I eventually checked out the leaders code and ran it myself, but removed their carefully selected random seeds, and found that the supposed leading solutions often failed to converge at all without their magically selected random seed.

I left the experience believing deep RL is still very unreliable.

I will contrast with my anecdote.. I build a simulation of 10x10 cityblocks with a population of 30 pedestrians.. I made a reward function based on distance to a random "target point" with penalty for walking in the street vs sidewalk.. and penalty for walking into walls.. the inputs were a 360 degree raycast of 16 samples.. and "distance to target" and the outputs were awsd keyboard inputs.

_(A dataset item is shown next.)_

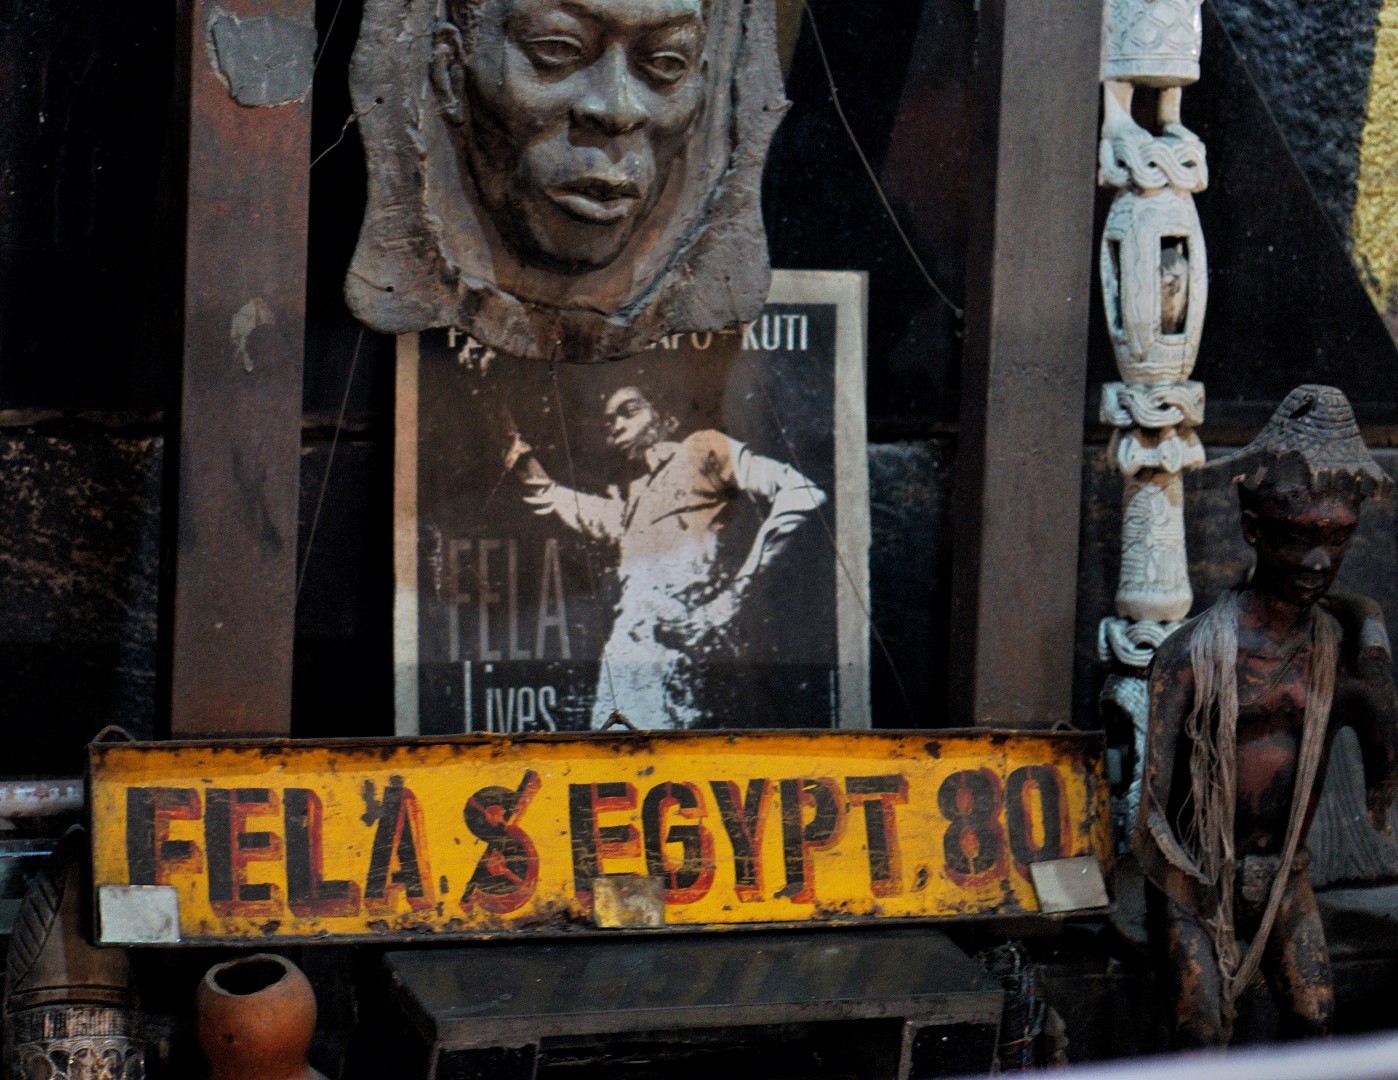 Picture of Fela at fela's shrine

I left it running overnight and by morning, bots were pretty efficiently walking around the city to their random targets via sidewalks. It felt like magic. I could have coded the behavior directly but the learned version seemed somewhat noisier and more organic. This was done a couple years ago using the a JavaScript deepq learning library. It feels like a squishier version of a-star or something.

The raycast probably disambiguated the state pretty well, such that it essentially had to memorize a few hundred actions, so that it did end up basically doing a sort of asynchronous distributed Dijkstra's algorithm.

You may be interested in our new Behaviour Suite for Reinforcement Learning project at https://github.com/deepmind/bsuite.

This is an attempt at defining a set of minimal but meaningful benchmark RL experiments. In each experiment, we typically evaluate over a range of environment parameters and compute an aggregate score. See https://arxiv.org/abs/1908.03568 for more details.

We also include a simple starter RL codebase, and examples of evaluating agents defined in other RL frameworks.

I am interested, thanks.

actually the seed is also a hyper-parameter

Uuuuummmm, I strongly disagree.

Is that a joke? Is that a hyper parameter!? I can’t google things on my phone, it takes too long!

I tried 50000 different random seeds, and my algo only works when the seed is 32451 :)

I'm always amazed how much attention supervised learning algorithms get when Q-learning is often better suited for real-world problems that go beyond just classifying things, works closer to how humans actually learn, and is much easier to implement (requires way less code and no training data). I wonder how much of this disparity is because big companies like Google and FB who hold all the training data benefit from only talking about ML techniques that nobody can compete with them on.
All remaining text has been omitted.